#### Available data

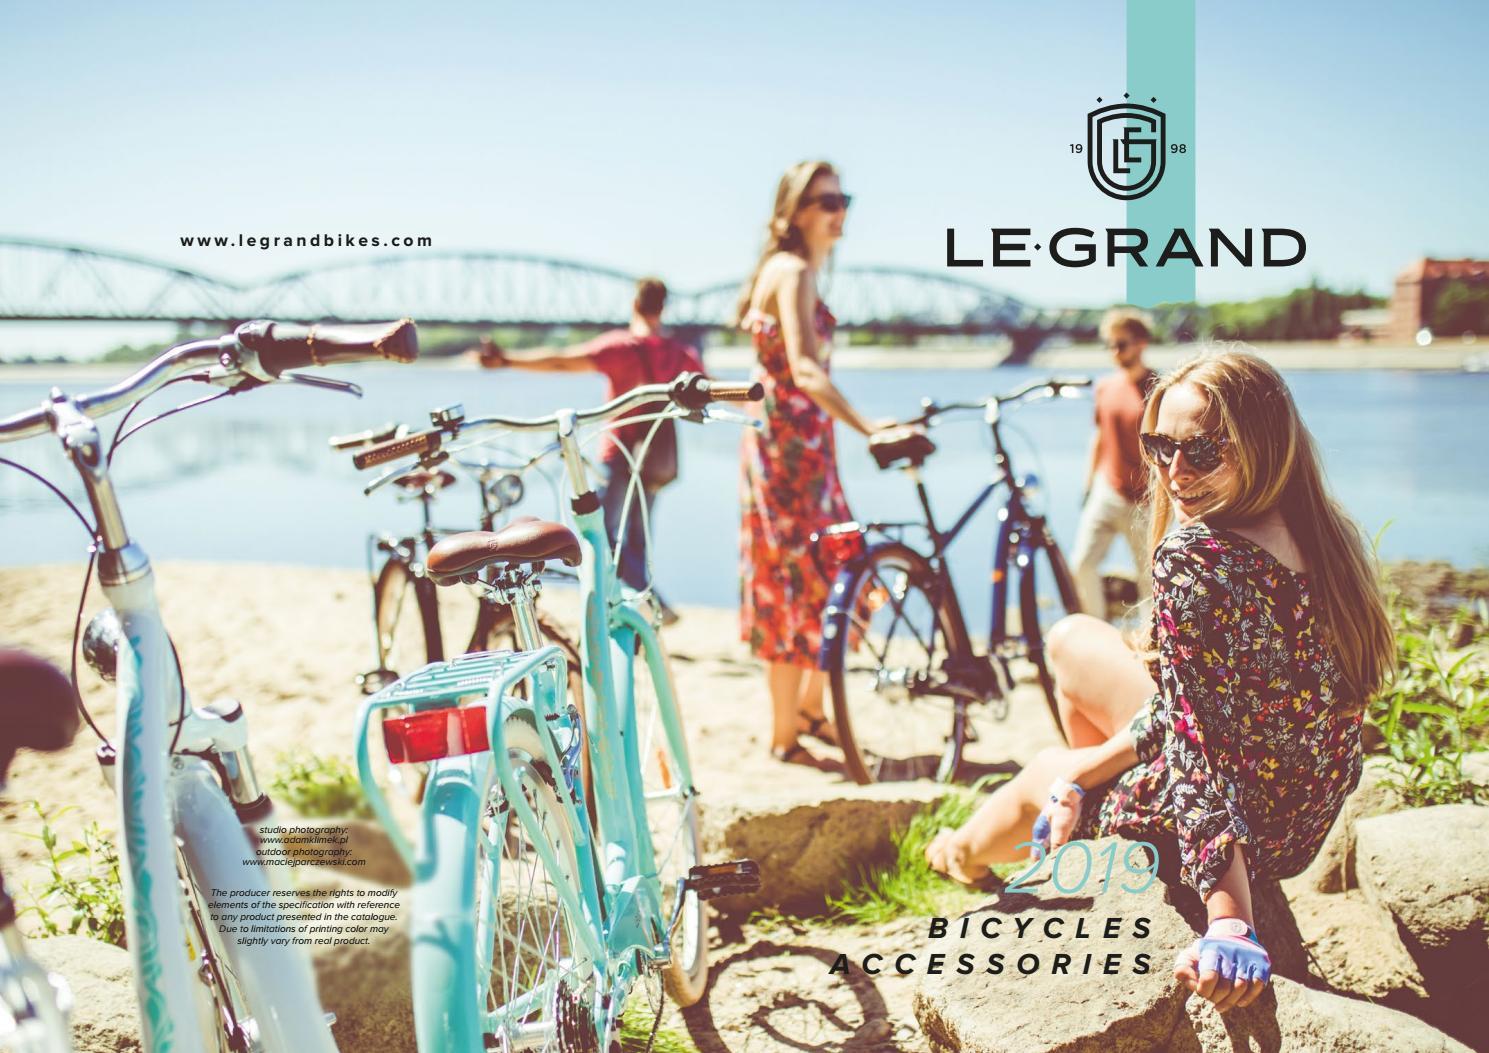 White Steel Mesh Bicycle Basket with Handle Lightweight Universal Bike//Cycle
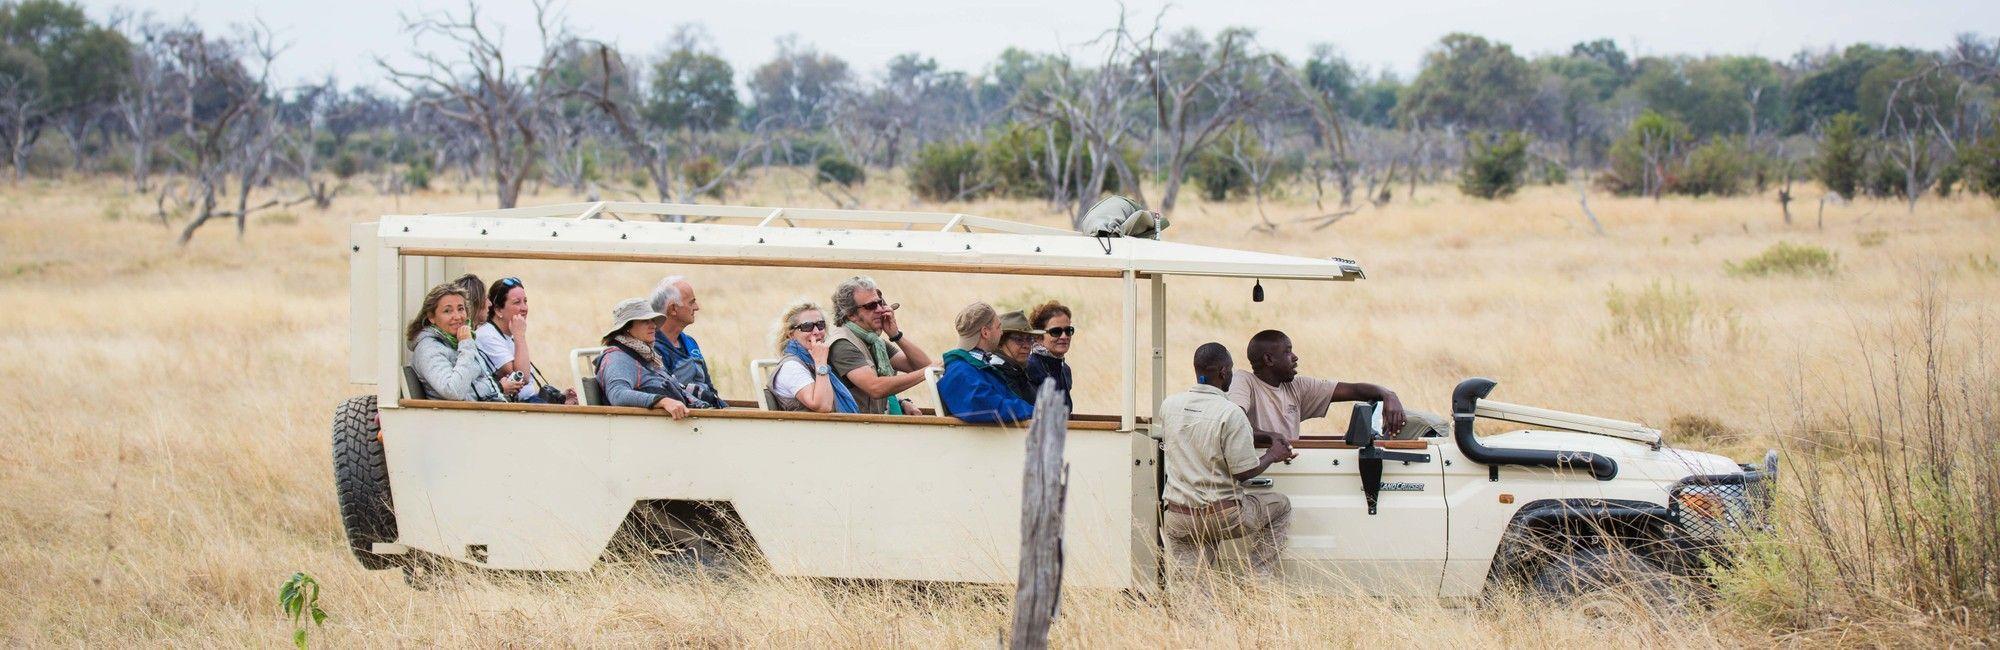 Kampeersafari Botswana Optimaal
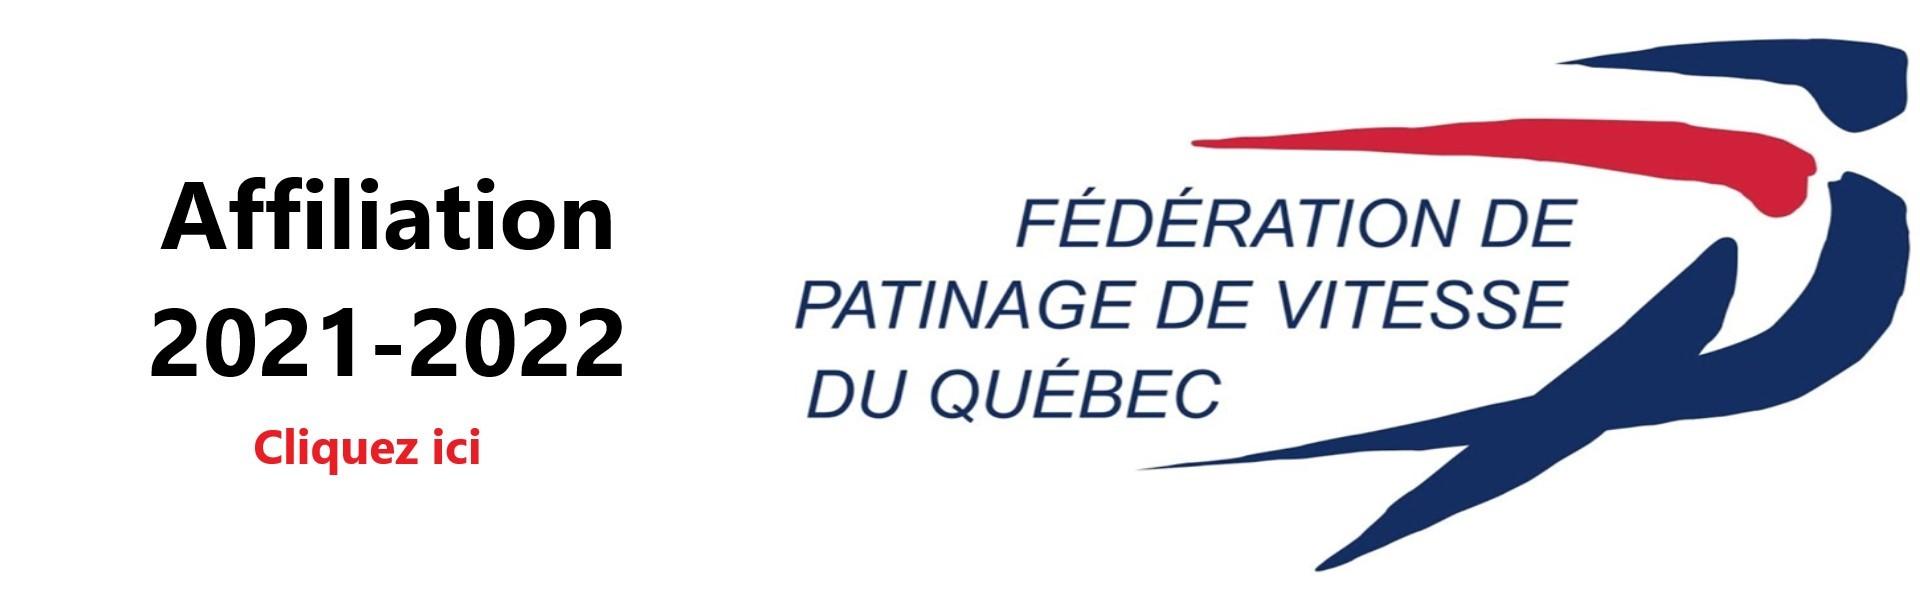 Affiliation 2021-2021 FPVQ
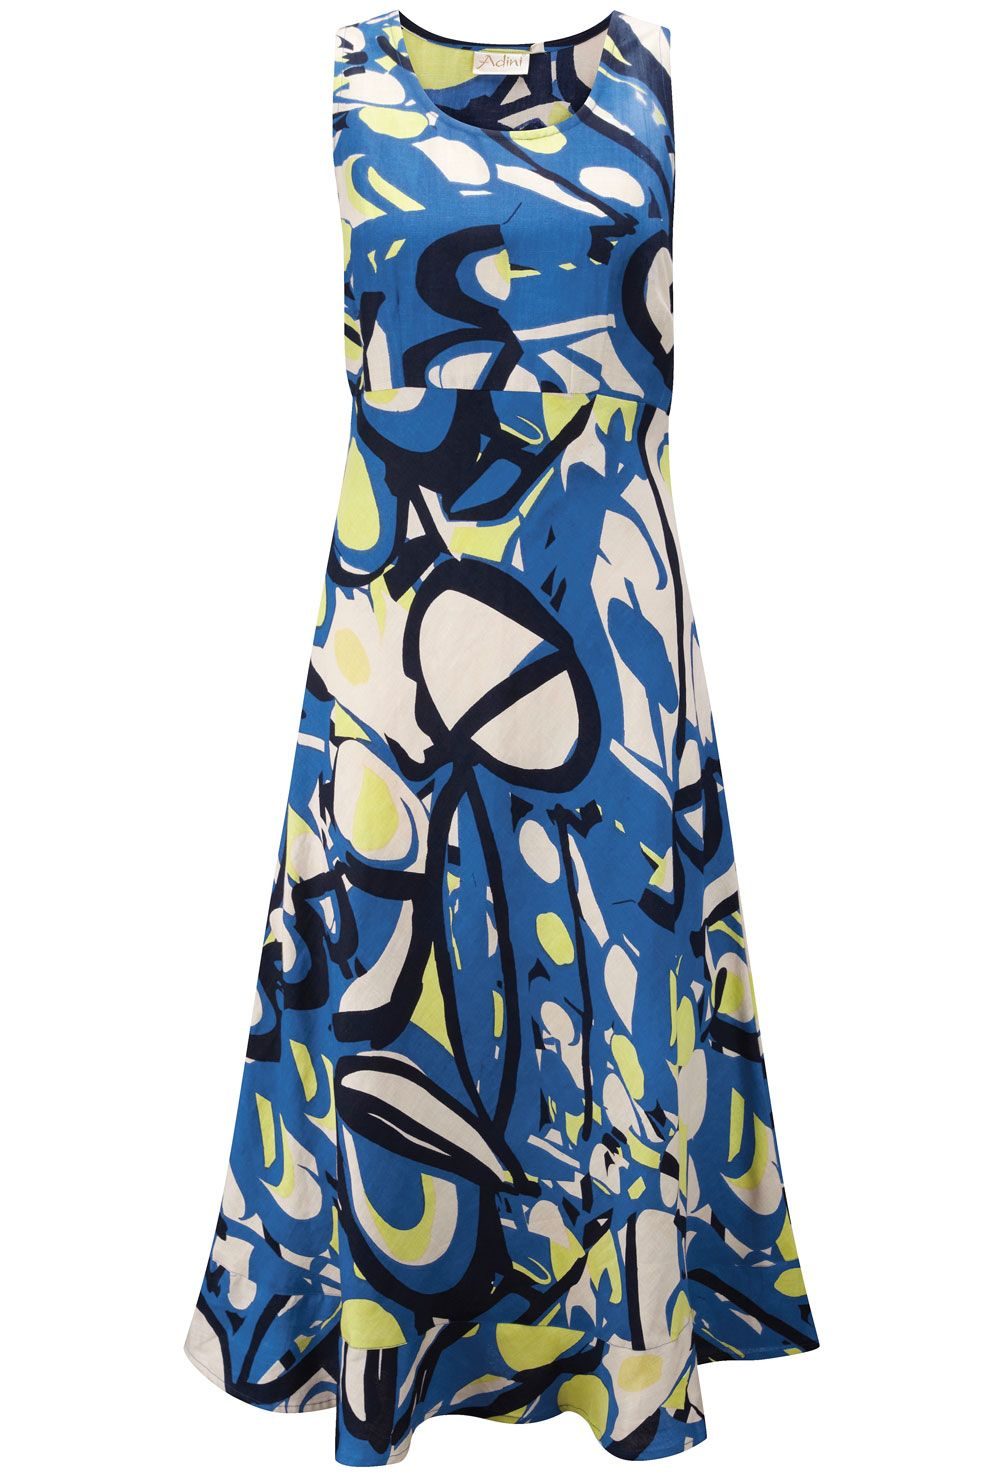 gorgeous pattern & style
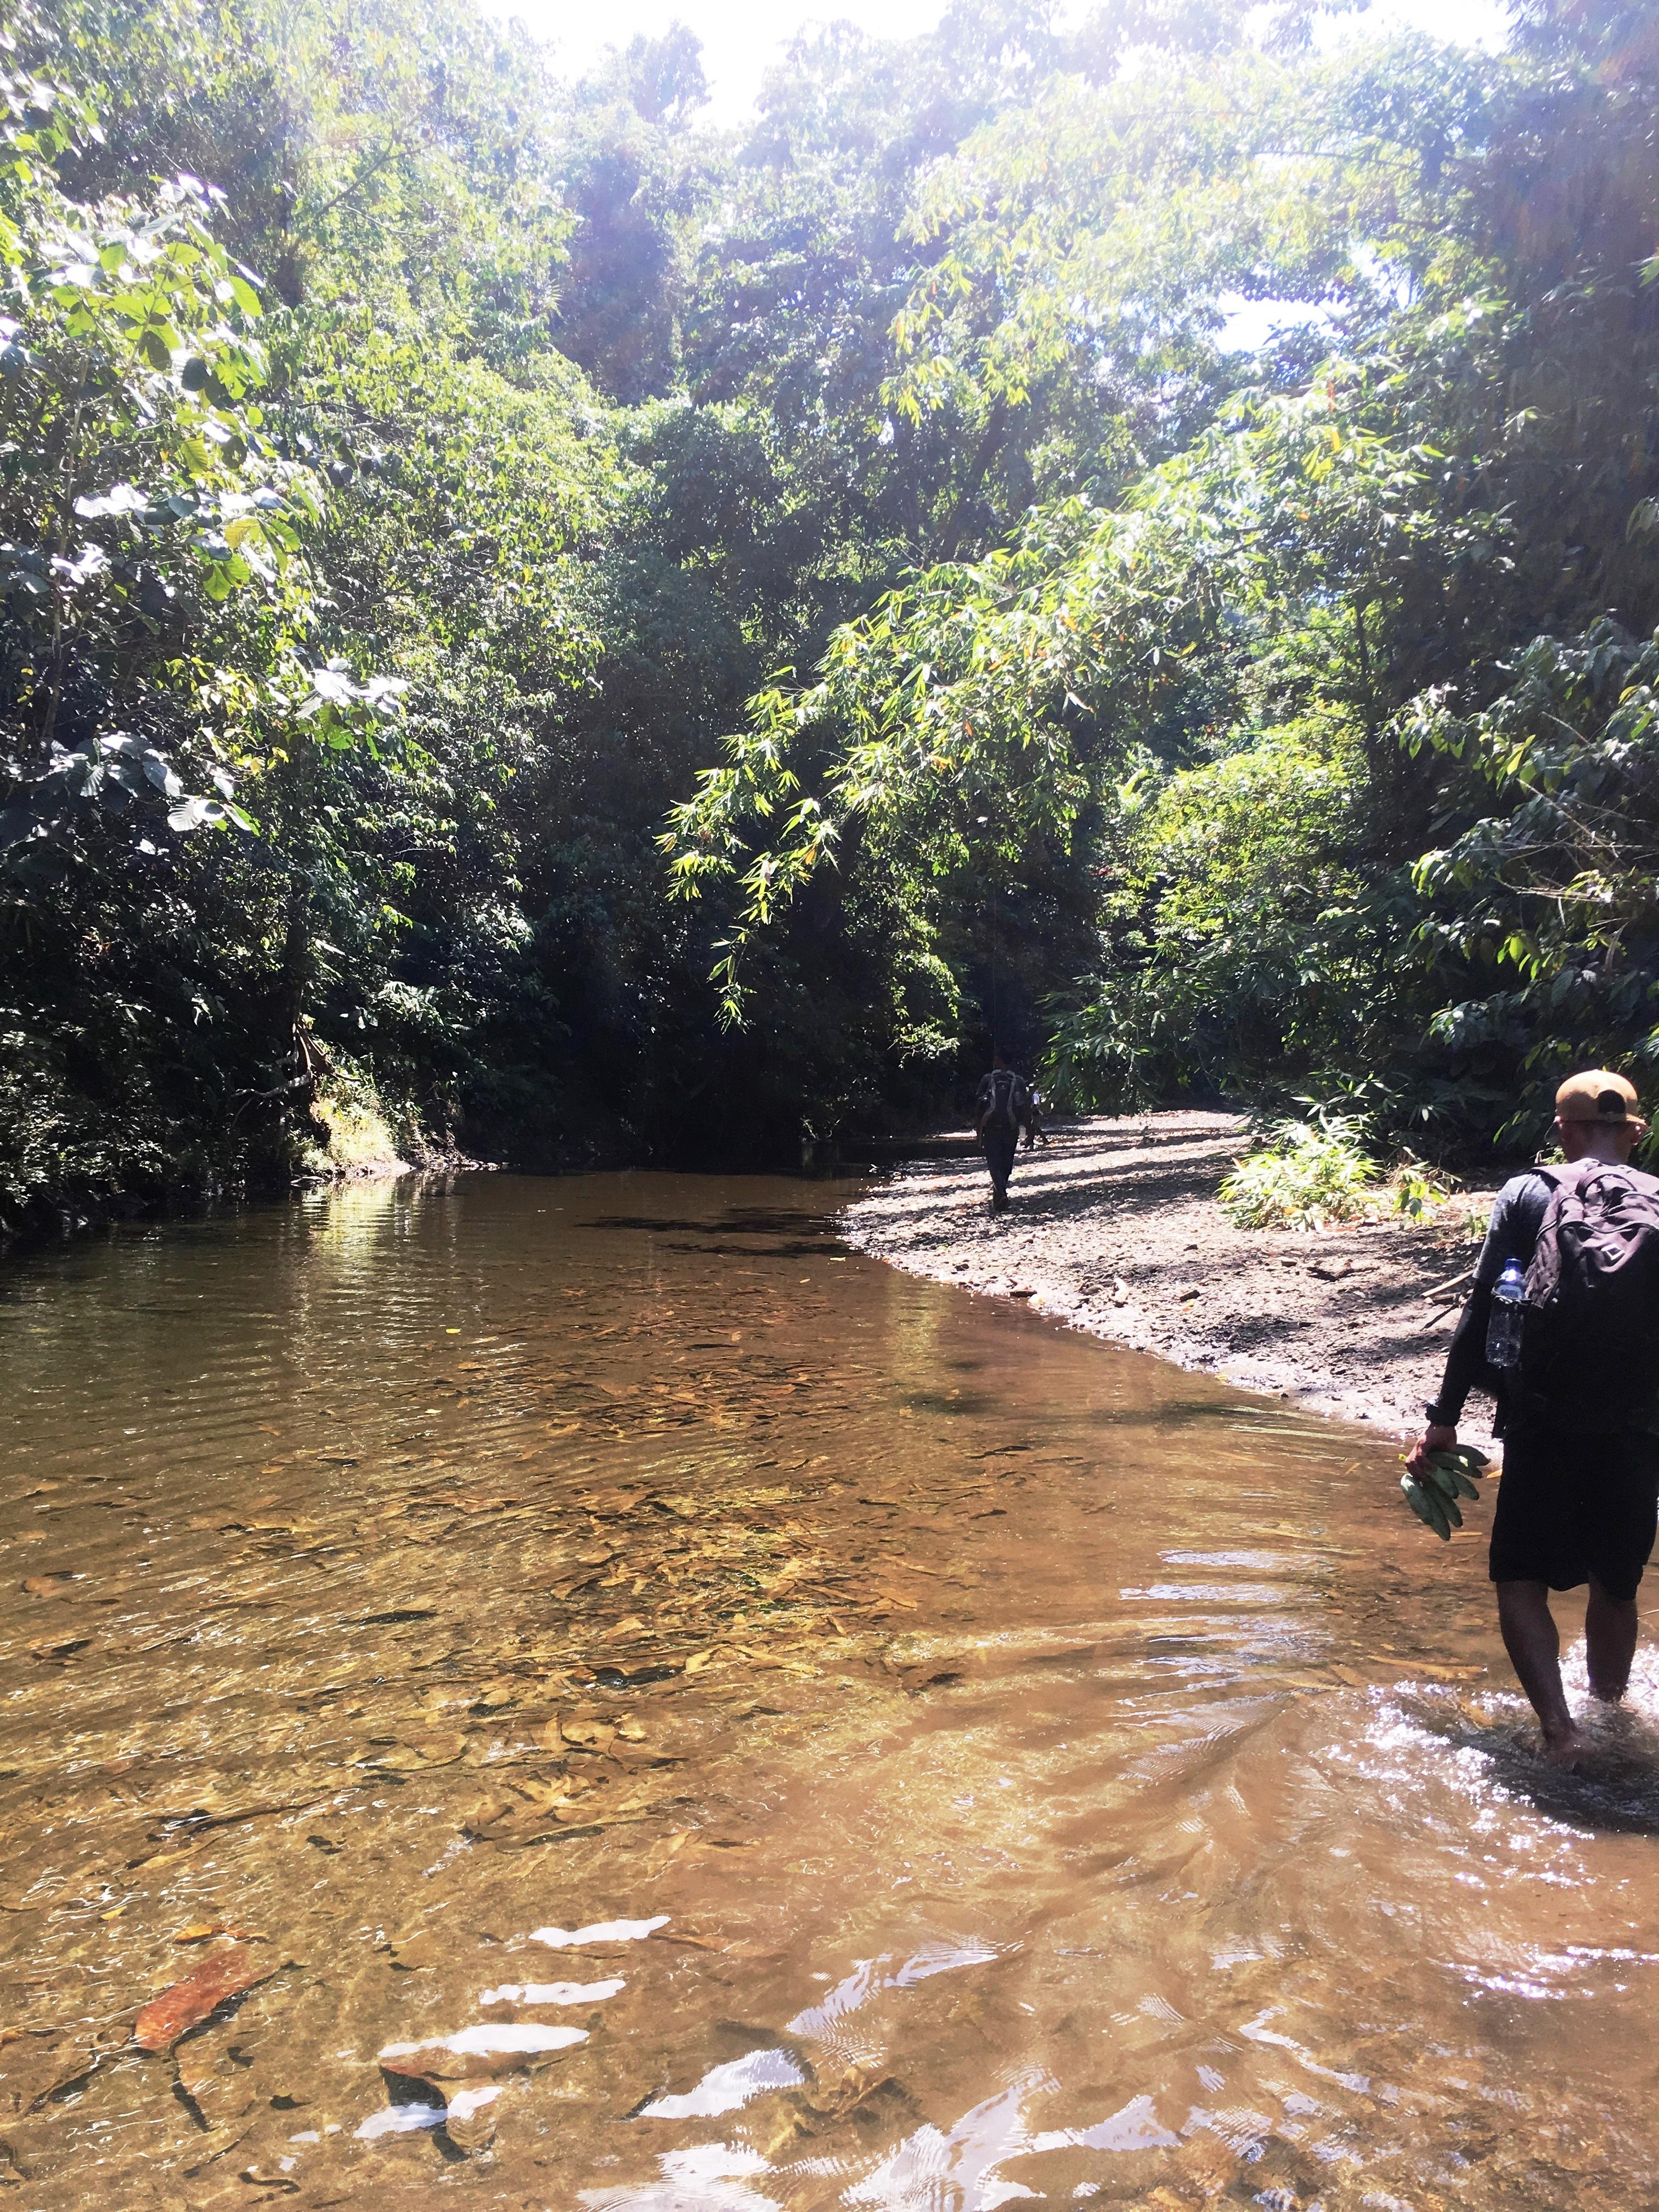 Gunung-Sabatai-Wading-up-Malako-River-in-dry-season-Nick-Hughes-September-2019

########

> **Instructions for the task**
Both the line containing "gorgeous pattern & style" and the last line of the records above belong in the exact copy, along with every line between them; pictures do not.

> **Result**
 gorgeous pattern & style
 Gunung-Sabatai-Wading-up-Malako-River-in-dry-season-Nick-Hughes-September-2019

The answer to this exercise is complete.